A Rocky Start for Markets
President Donald Trump's second term has opened with one of the worst stock market performances in modern presidential history, with the S&P 500 declining 7.9% from Inauguration Day through April 25, 2025. This slump trails only Richard Nixon's second term in 1972 for poor early-market performance, according to historical data. The drop contrasts sharply with Trump's first term, when markets gained 5% in the same timeframe.

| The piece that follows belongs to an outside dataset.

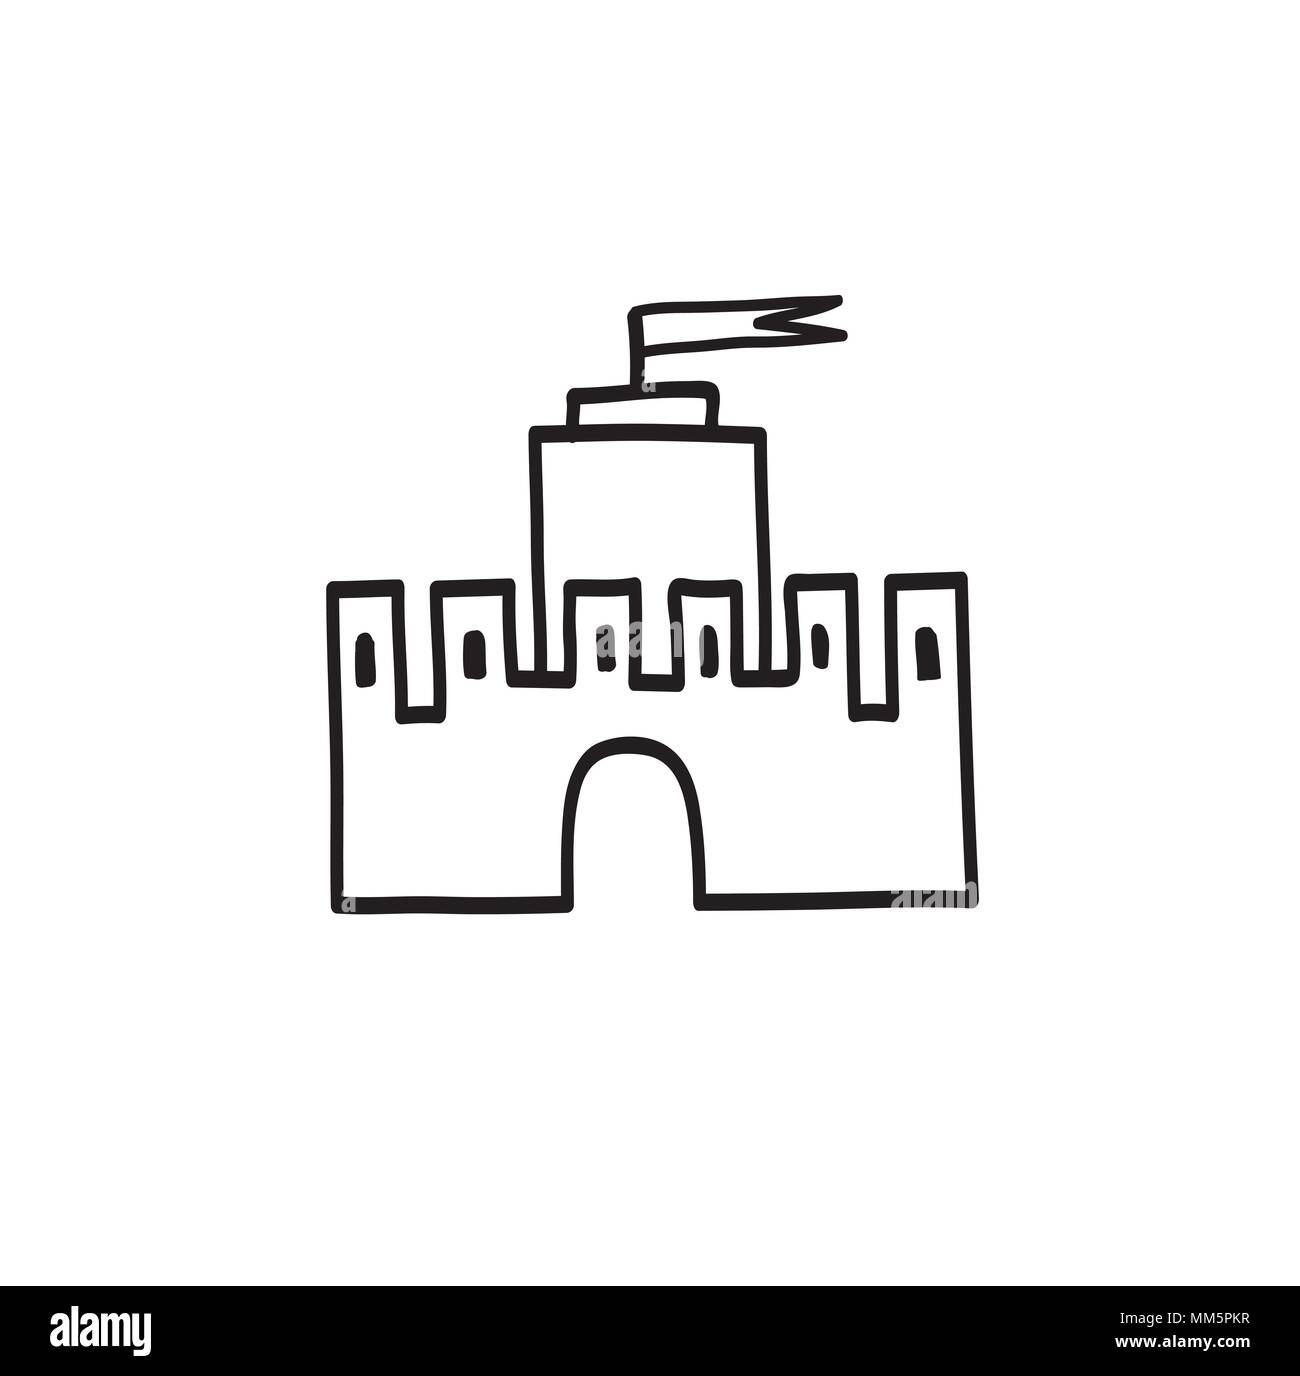 Castle icon. Hand drawn doodle castle building isolated with handwritten lettering CASTLE Stock Vector
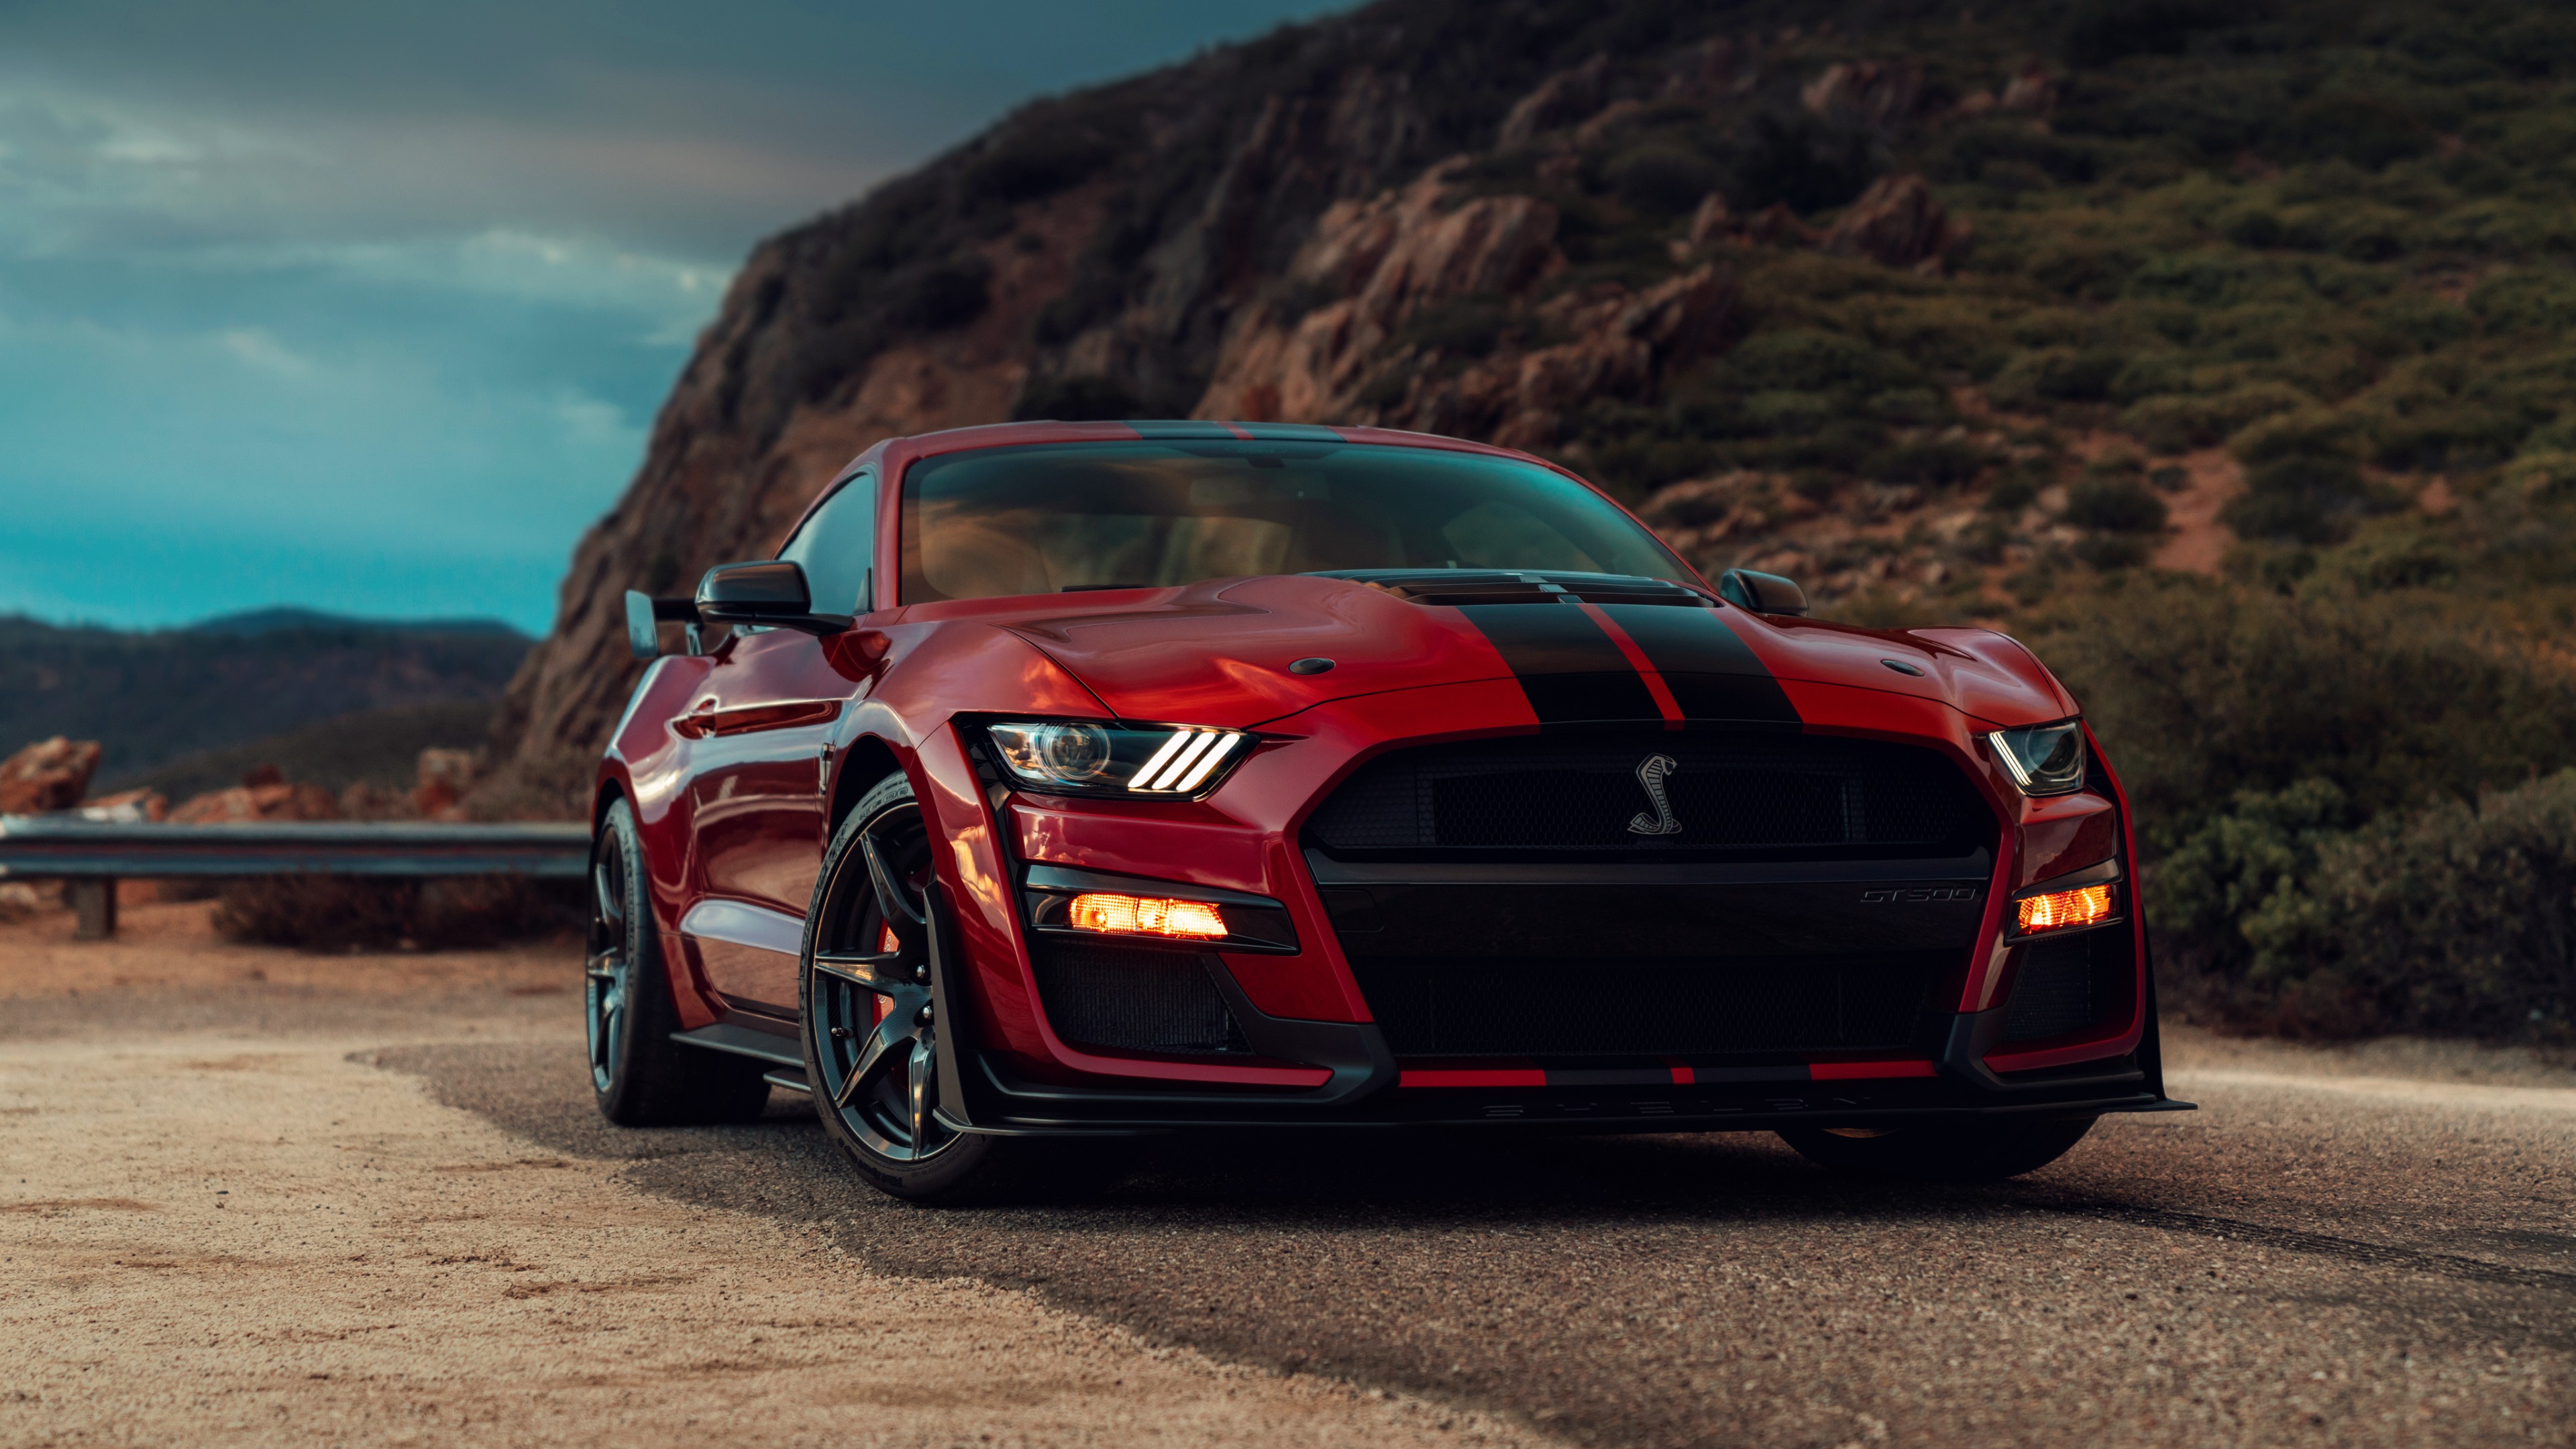 Wallpaper Ford Mustang Shelby GT500, 2020 Cars, 2019 Detroit Auto Show, 4K,  Cars & Bikes #21064

The reversal comes as the administration implements aggressive trade policies, including sweeping new tariffs announced April 2 that sent shockwaves through global markets. 'The announcement stunned investors who had priced in more moderate policies,' said one Wall Street strategist who requested anonymity to discuss client reactions. The dollar and Treasuries slid as investors flocked to gold amid the uncertainty.
Policy Whiplash
Business leaders who initially welcomed Trump's reelection are now grappling with the practical consequences of 21st-century protectionism. The Federal Reserve's latest Beige Book reports widespread concern among firms about rising input costs, with many already implementing tariff surcharges. 'We're seeing pricing horizons shrink from quarters to weeks in some industries,' noted a regional Fed official.
Small business optimism has dipped sharply, and even former Wall Street allies have taken to social media to criticize the policies. The administration maintains the measures will strengthen domestic industry, but April's PMI reading - the lowest in 16 months - suggests near-term pain. Services sector sentiment has particularly deteriorated, though manufacturing shows tentative signs of resilience.
Historical Parallels
Market historians note that such early-term declines don't necessarily predict full-year performance, though the precedents are mixed. When first-100-day drops exceed historical averages, markets have sometimes rebounded dramatically. But more moderate early losses have typically presaged further declines. With recession probability models flashing warning signs and consumer confidence plummeting, many analysts are revising 2025 forecasts downward.
One bright spot: February's record highs demonstrate underlying market strength when policy uncertainty abates. 'This isn't a structural breakdown,' argued one portfolio manager. 'It's a reaction to specific policies that could moderate.' Whether that moderation comes before broader economic damage remains the key question for investors.